N’ayons pas peur des oxymores : ce Pelléas et Mélisande occupe un vide scénique qui peine à remplir ses ambitions minimalistes. Le parti pris de mise en espace d’Olivier Achard aurait pourtant dû s’avérer pertinent. Il l’est au moins dans l’intention. Vladimir Jankelevitch, fin connaisseur du compositeur, voyait un « drame stationnaire » dans cette montée en tension des amours contrariés. Face à ces deux notions contradictoires, toute la difficulté pour le metteur en scène consiste non seulement à sublimer l’arbitraire et l’opacité d’une destinée mortifère fondamentalement absurde qui se referme inexorablement sur elle-même, mais de les mettre physiquement en résonnance. La relative impasse de la mise en scène tient plus à la pauvreté préméditée des matériaux et à leur mise en œuvre, qui semblent frôler la plupart du temps l’inadéquation avec la tragédie, qu’au choix d’une épure radicale.
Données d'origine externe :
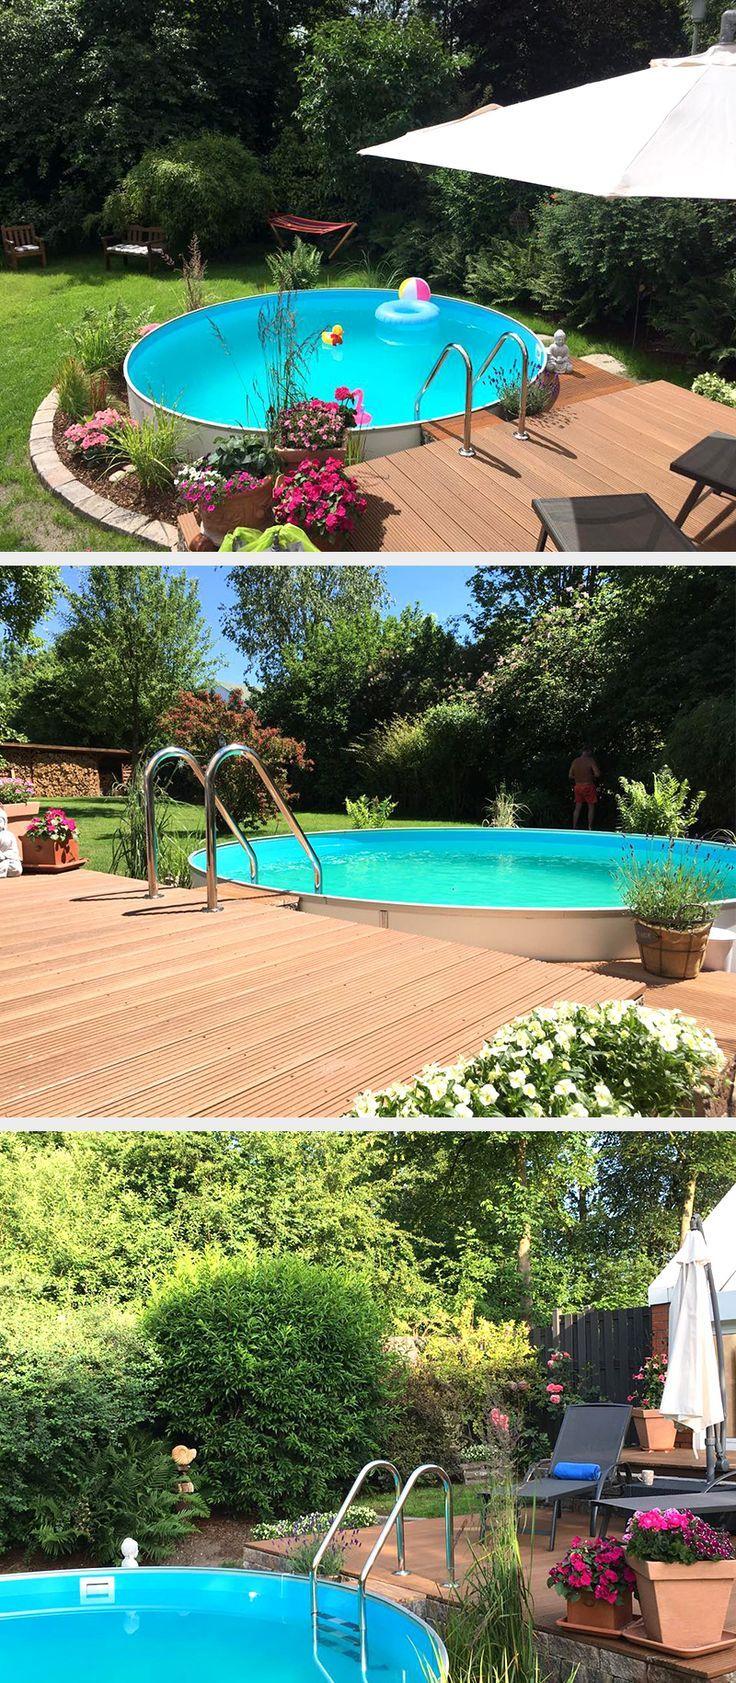 Dieser traumhafte Gartenpool lässt den Alltagsstress wie von selbst vergehen. In unserem Shop finden Sie ebendiese mit robustem, langlebigem Aluminiu… – POOLSANA GmbH & Co. KG

Rien n’est véritablement convainquant, ni dans le plateau recouvert de draps blanc – la candeur d’un pur amour ? la virginité toujours recommencée des sentiments ? les promesses d’une inaccessible couche nuptiale qui toujours se dérobe ? –, ni dans un improbable empilement de chaises, unique élément vertical en quête d’une impossible ascension dont la symbolique laisse perplexe. On peut être tout aussi dubitatif confronté à l’omniprésence d’Yniold armé de son énigmatique lanterne magique, même si, pour ce dernier, on entrevoit dans la solitude désœuvrée qui l’occupe, l’incommunicabilité de l’enfance perdue parmi des adultes qui l’ignorent.
C’est l’implication autant vocale que tragédienne des protagonistes et leur puissance suggestive qui va reléguer heureusement au second plan ce désert immaculé où la métaphore s’épuise à faire sens. D’abord le Pelléas de Ronan Meyblum : sensible dans le timbre, sincère dans l’expression si particulière voulue par Debussy. Il nourrit une ligne de chant très flexible et convaincante, avec ce mélange d’enthousiasme propre à la candeur que procurent les amours de jeunesse et cet élan vital prêt à tout sacrifier à l’impossible. Il donne à son personnage la force d’un héros cornélien sans fourvoyer le rôle dans une théâtralité incongrue. Aux langueurs diaphanes de tant de Mélisande vues et revues mais qui s’évertuent en vain à incarner le personnage, Céline Laly préfère la séduction et la grâce d’un trouble amoureux assumé. Elle joue de cette suave ambiguïté féminine dans sa chair et ses sentiments plus qu’elle ne cède à l’hyperbole impressionniste. Son phrasé et la clarté liliale de son émission peuvent ainsi conserver à son soprano une discrète sensualité qui n’est en rien déplacée.
Toute la difficulté consistait ensuite à équilibrer le reste de la distribution sans trahir cette esthétique plus proche d’une recherche déclamatoire moins historiquement datée. Matthieu Lécroart, applaudi la saison dernière dans Hänsel et Gretel, était plus qu’à l’évidence l’homme de la situation : son Golaud, personnage plus complexe qu’il n’y paraît, tournait sans remord le dos au Barbe-Bleue où le fourvoient tant de baryton. Ses graves possèdent à l’envi la carrure du rôle mais sa diction nuancée et sa caractérisation en font avant tout un homme blessé, psychologiquement crédible, loin de la caricature du tyran rongé par la jalousie. Même travail intelligent de la part de Jean-Vincent Blot pour humaniser Arkel. Sa basse d’une belle qualité de grain possède l’autorité apaisante, la couleur et la profondeur du timbre en phase avec ses protagonistes. De même que l’on saluera sans réserve la performance vocale autant que théâtrale de Camille Slosse. Elle incarne idéalement la fraîcheur et la fragilité d’Yniold ce qui n’est pas un mince défi.
Enfin la direction d’Olivier Holt ! Le magnétisme d’une gestique ferme et d’une autorité bien comprise des instrumentistes dresse le subtil décor debussyste, d’une gravité énigmatique. Il en dénoue les évidences du mystère, sans en trahir la prégnance de la poétique. Holt conjugue à la sereine et tragique innocence de l’héroïne, la limpidité de sa vision orchestrale. On y perçoit toute la puissance évocatrice des images harmoniques : le poids des ténèbres, les murmures du soir, les bruissements de la forêt, la violence muette des non-dits des personnages. C’est-à-dire tout ce que l’imaginaire est seul capable de révéler à nos sens en éveil.